Payment service provider exemptions
There are changes to the PSP exemptions under PSD1. The new legislation keeps most of the exemptions, but has revised them as follows:
- Limited Network Exemption. The Limited Network Exemption applied where the consumer’s payment method, for example, a card, limits them to what they can buy. Under the PSD2, this applies to goods and services bought within a specific store or chain of stores.
- Commercial Agent Exemption. Where PSPs avoided authorisation requirements under PSD1, this changes under PSD2. Acting as a commercial agent, PSPs could avoid authorisations when acting on behalf a payer and payee. The exemption now only applies when acting for either the payer or payee, not both.
Third party payment service provider scope
Under PSD2, PSP categories remain the same, but there are two extra categories. These are for third-party PSPs not regulated under the PSD1. These categories are:
- Payment Initiation Service Provider. A payment initiation service provider (PISP) starts the payment process between the customer’s PSP. Online banking is a good example. A customer enters their payment details using a third party, so the PISP does not handle any part of the transaction. These transactions are now regulated under PSD2.
- Account Information Services Provider. An account information service provider (AISP) provides information about account holders and their financial accounts when held by more than one PSP.
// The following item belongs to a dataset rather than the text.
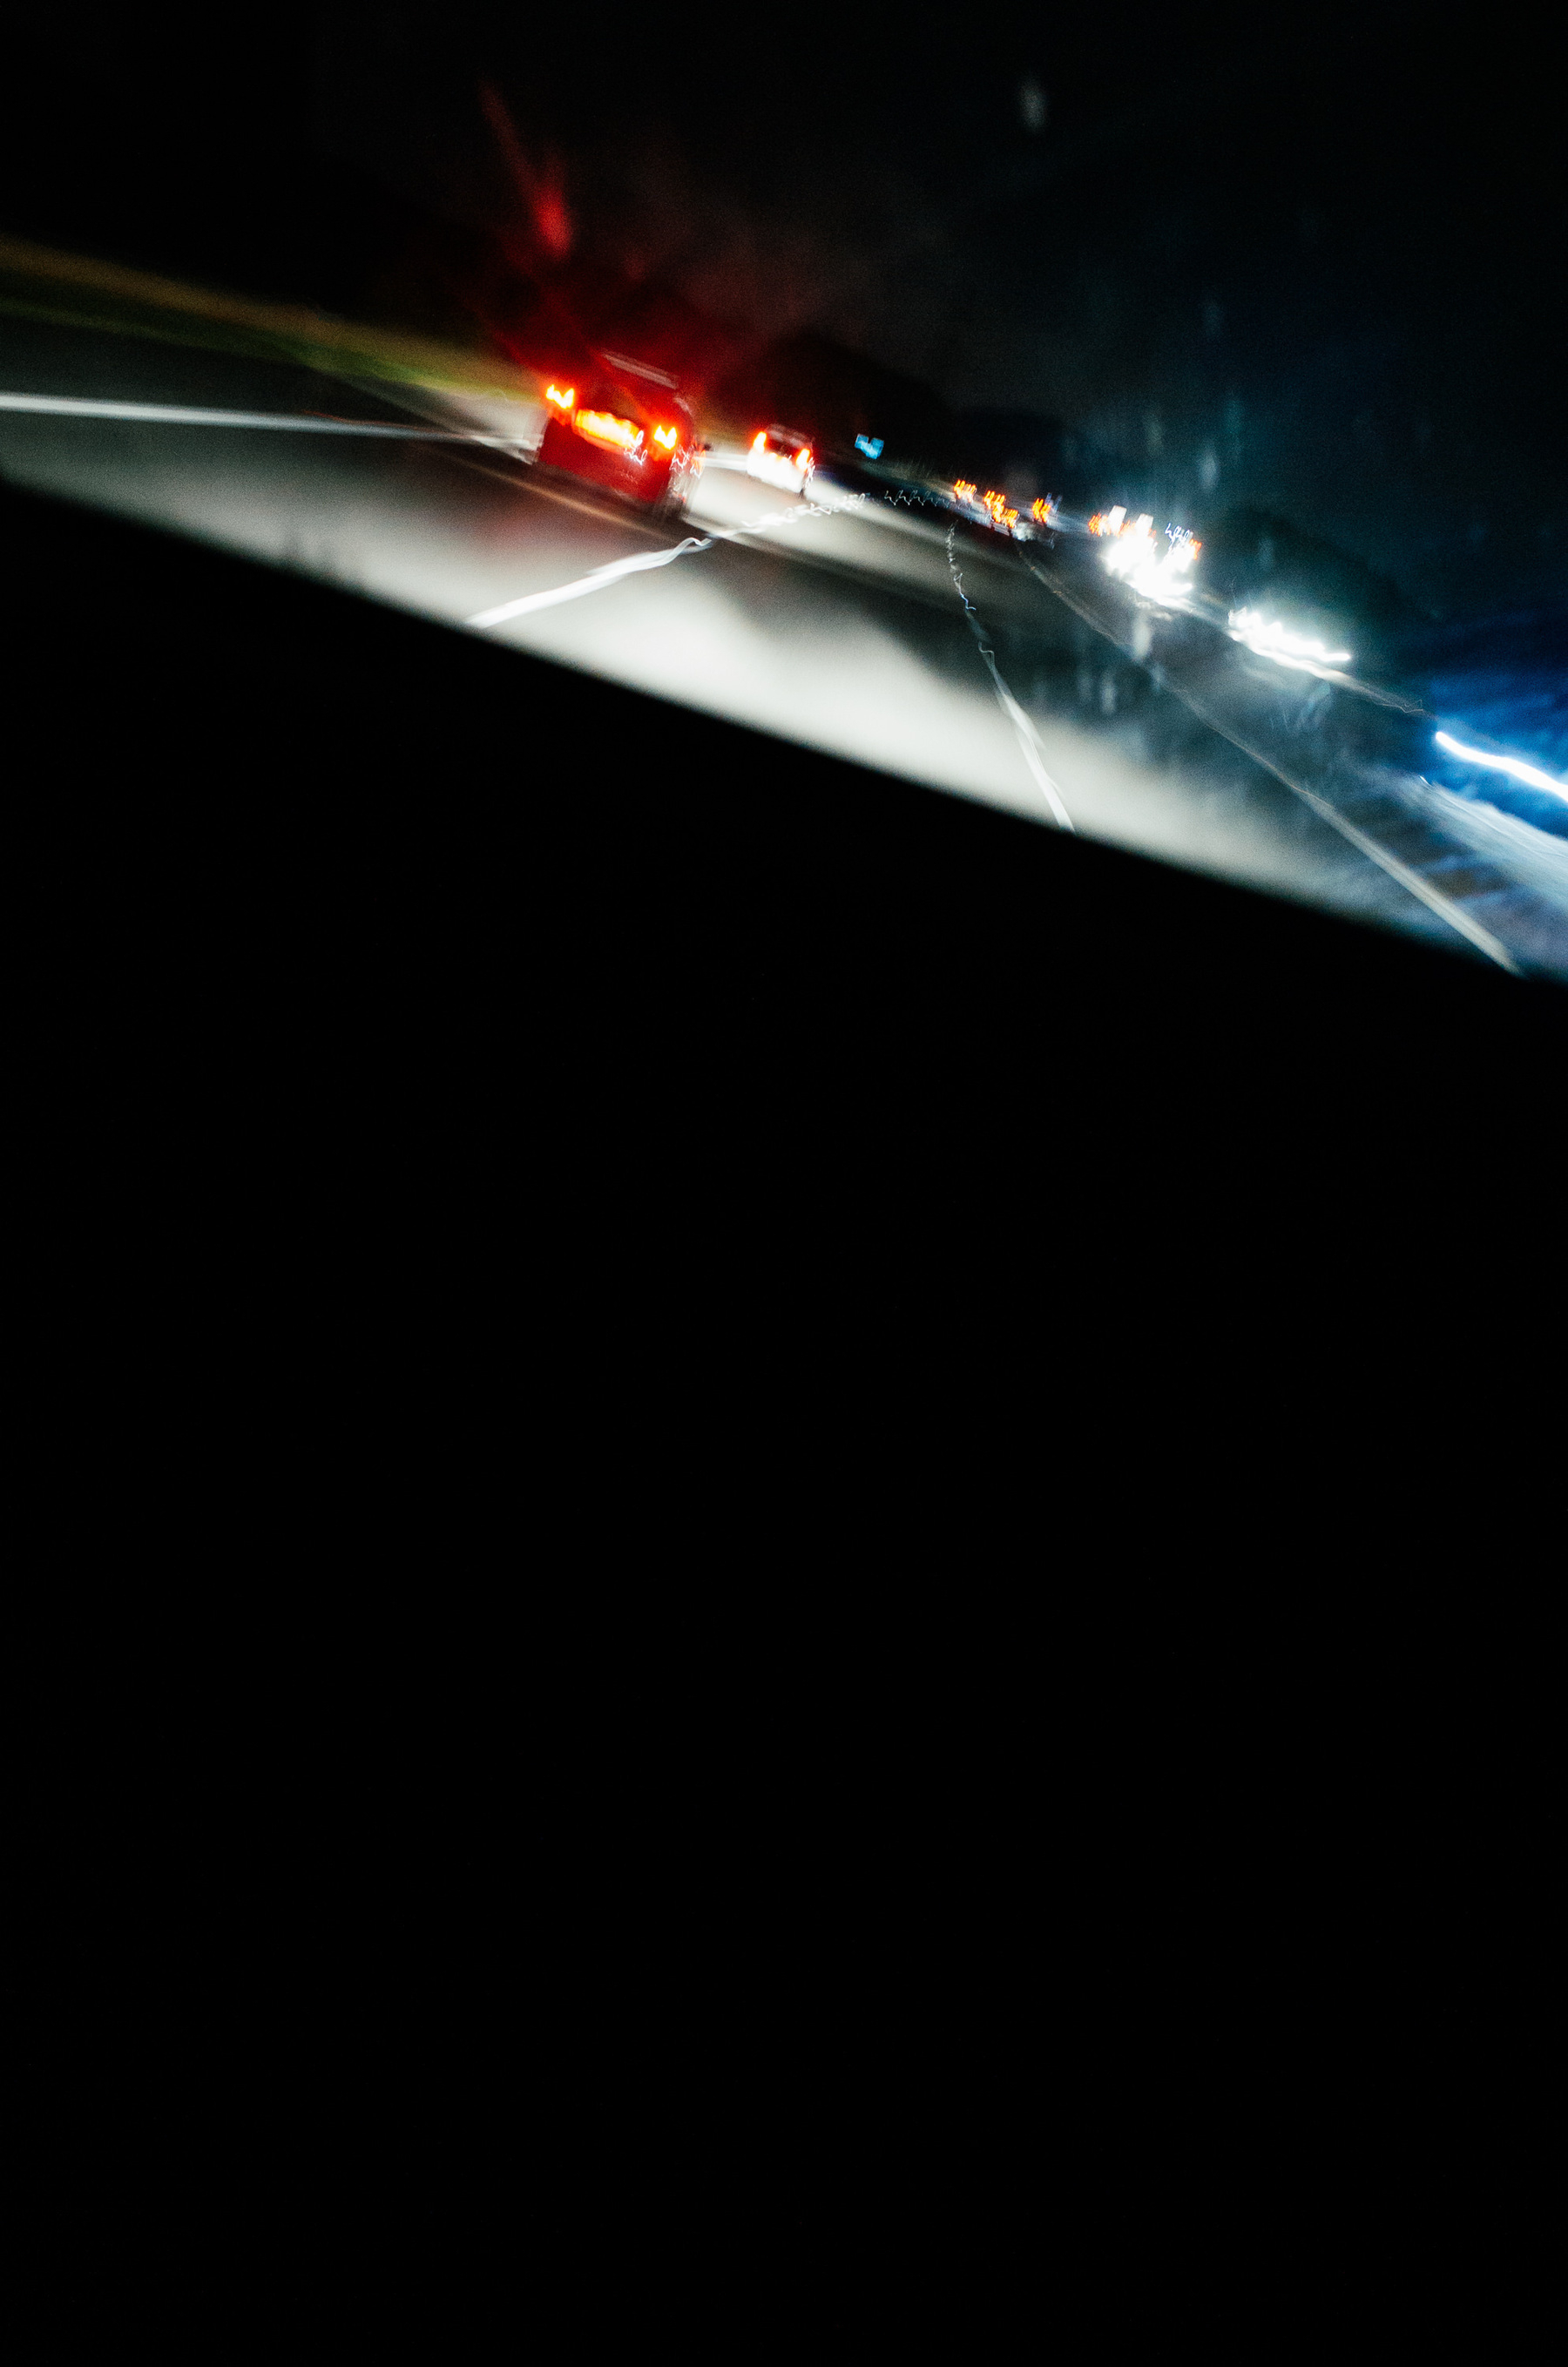 The top fifth of the frame shows cars and their brake lights driving away from the viewer on a motorway, the horizon tilted. You can see oncoming traffic in the top right hand corner. The rest of the image is completely black, obscured by the dashboard of the car that slices down and right from the top left corner of the frame

Stricter authorisation requirements
While PSD2 keeps the authorisation requirements of PSD1, it requires further documentation. PSPs must have a security policy document. This will include security control and mitigation processes and procedures to protect user information against any identified risks. It also needs to identify continuity arrangements and emergency plans if there is a breach in security.
Security authentication management
The PSD2 brings in regulations for cyber security. PSPs must have strong authentication procedures when a customer checks out and pays. PSPs must also report any major breaches or security incidents to the national authority. They also need to inform the customer if the breach affects a customer's financial interests.
Are you ready for PSD2?
With less than 2 months until the legislation becomes law, is your business prepared? SMEs need to assess their processes and procedures to meet PSD2 compliance:
- to ensure they meet new exemption criteria
- have data protection and security in place if the business provides payment initiation or account information
- assess internal software, and processes and procedures to remove any barriers for PISPs and AISPs
- PSPs should have contracts with third parties to formalise service agreements
- review all compliance policies to meet additional authorisation requirements
- implement consumer authentication procedures and be able to provide the national regulator with an annual assessment of its risk mitigation strategy.
Are you ready for the new PSD2 legislation? If not, now is the time to make sure you can comply with the new regulations in January 2018.